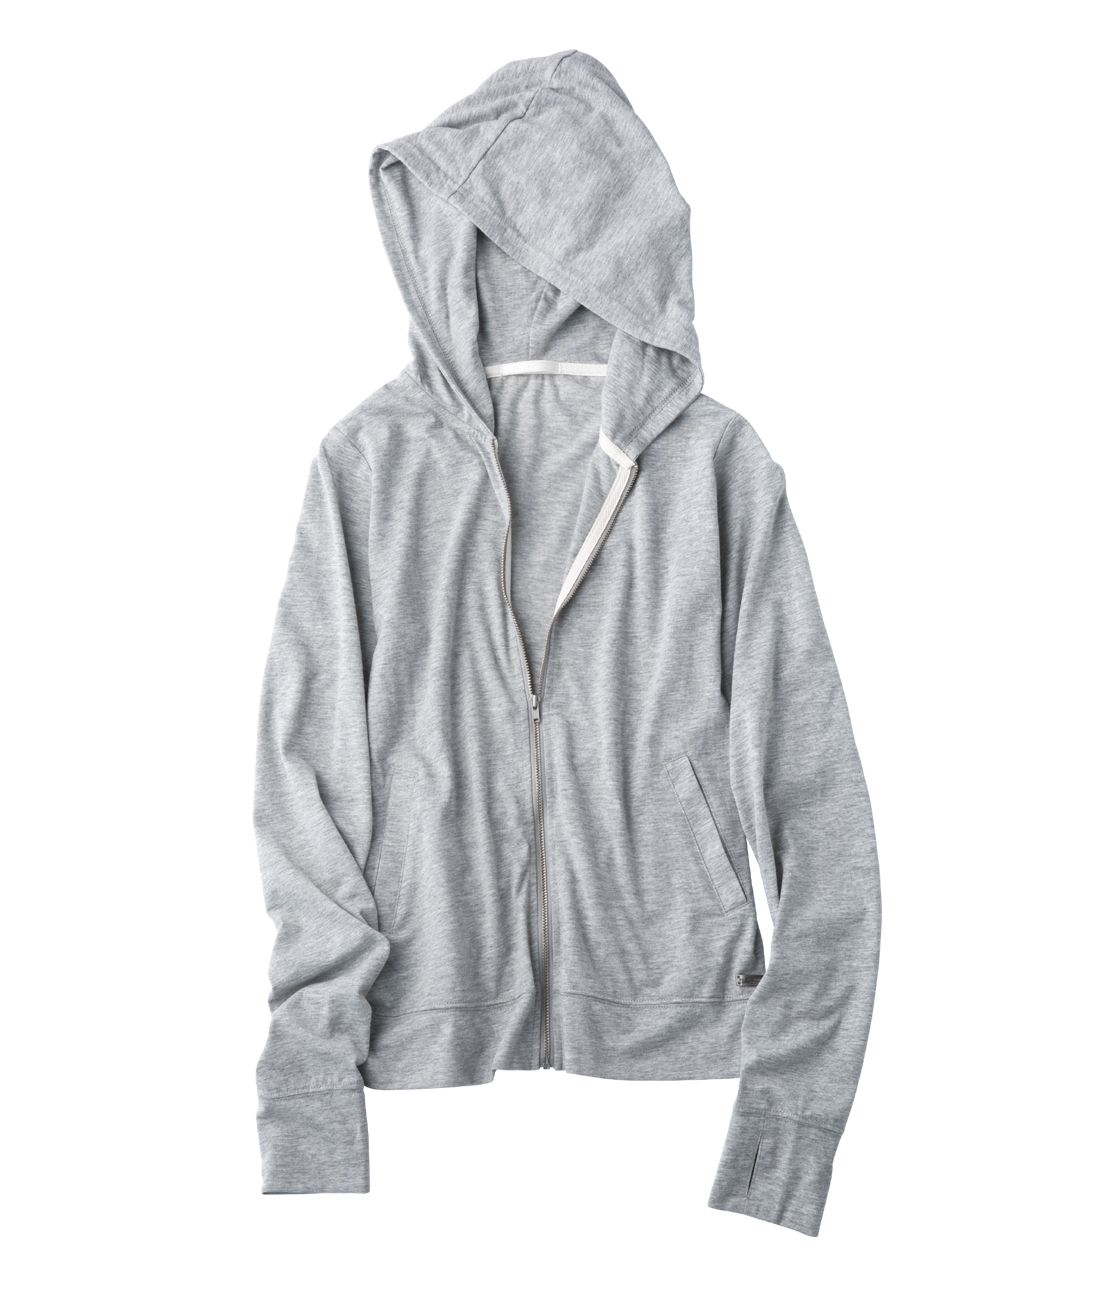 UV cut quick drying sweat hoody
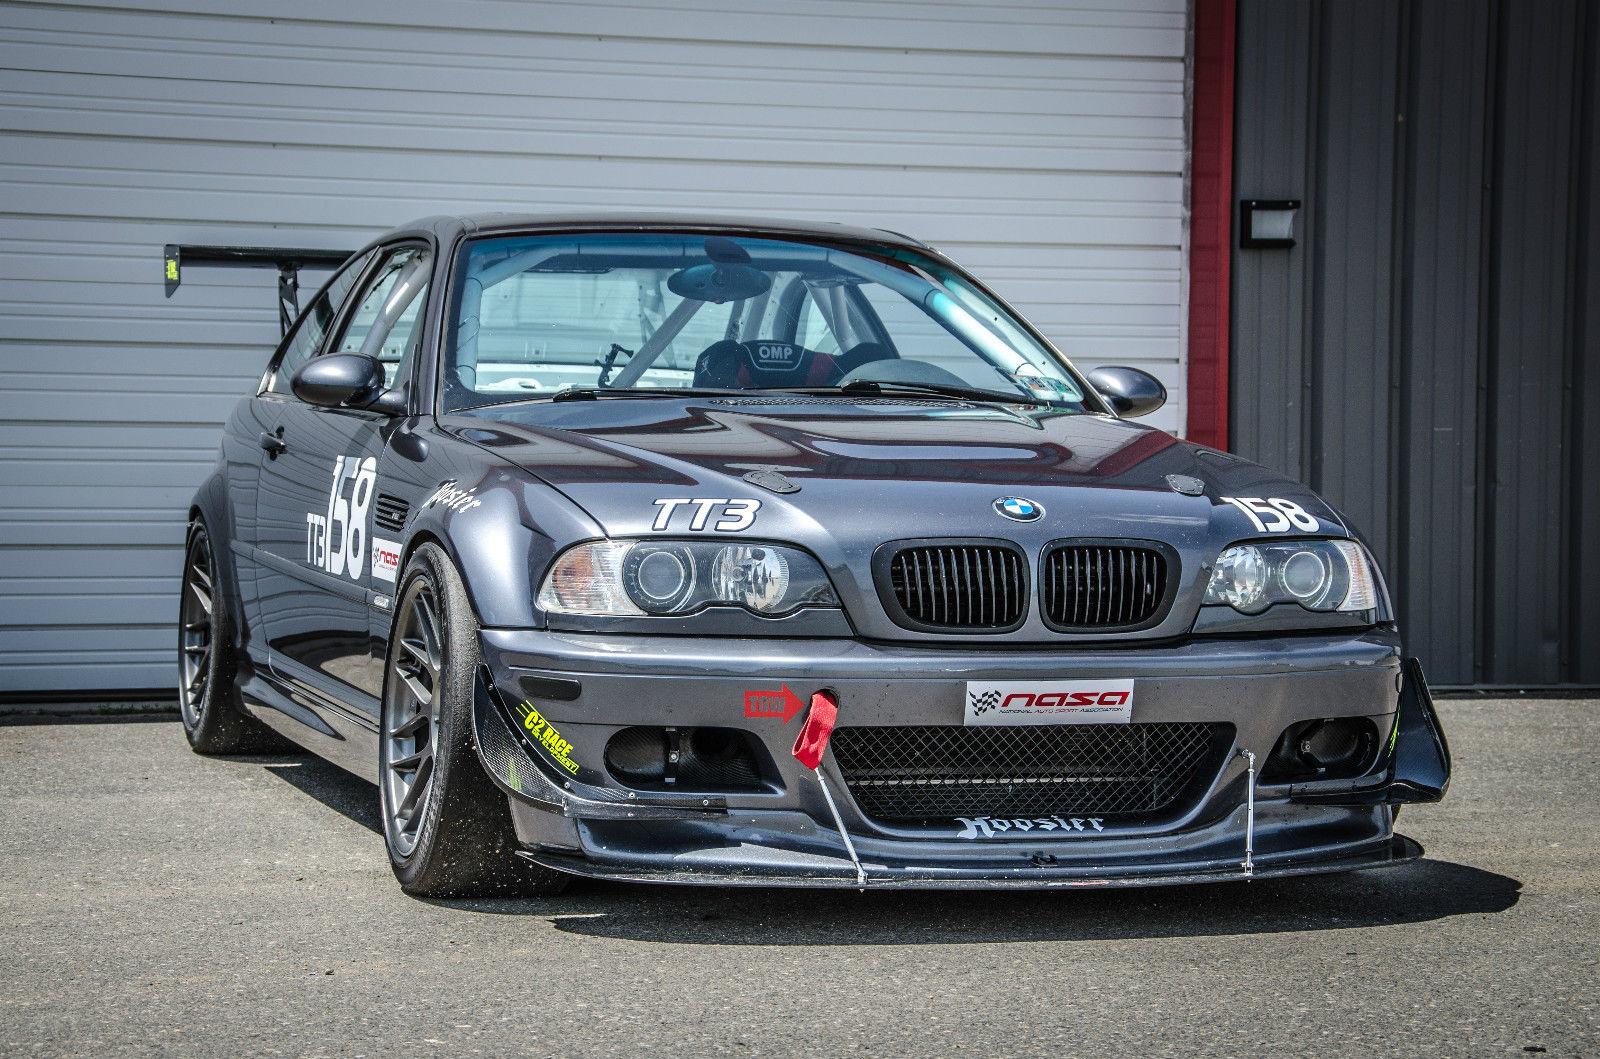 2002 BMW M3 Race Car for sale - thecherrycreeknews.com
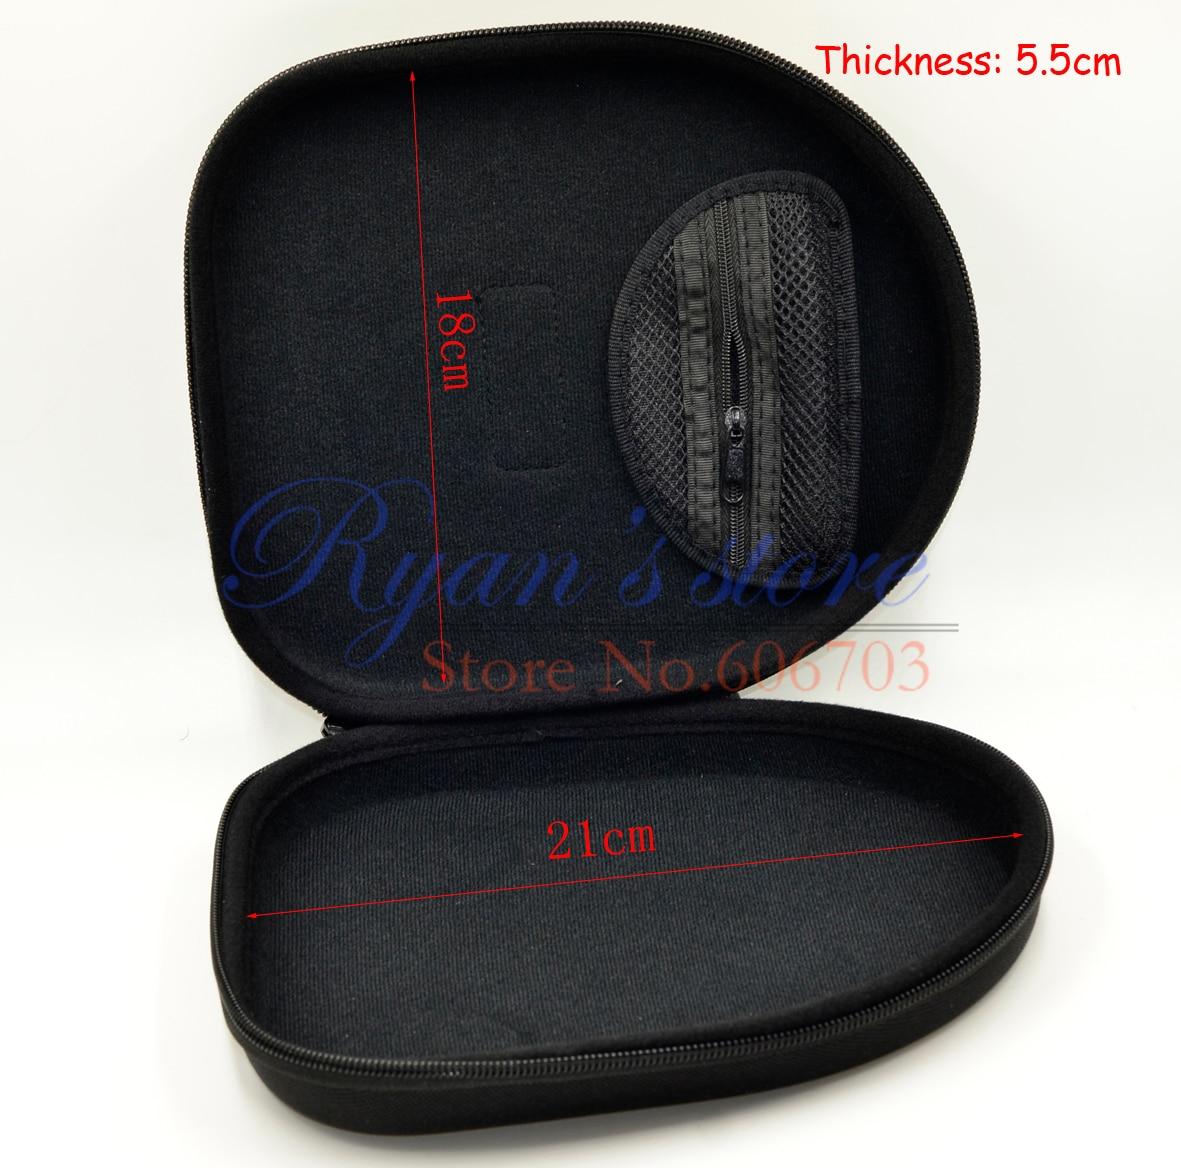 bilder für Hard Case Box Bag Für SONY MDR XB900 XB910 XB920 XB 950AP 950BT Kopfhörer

=== EXERCISE OBJECTIVE ===
A word-for-word transcription of the listing is needed, minus its images.

=== RESPONSE TO THE TASK ===
 UV cut quick drying sweat hoody
 2002 BMW M3 Race Car for sale - thecherrycreeknews.com
 bilder für Hard Case Box Bag Für SONY MDR XB900 XB910 XB920 XB 950AP 950BT Kopfhörer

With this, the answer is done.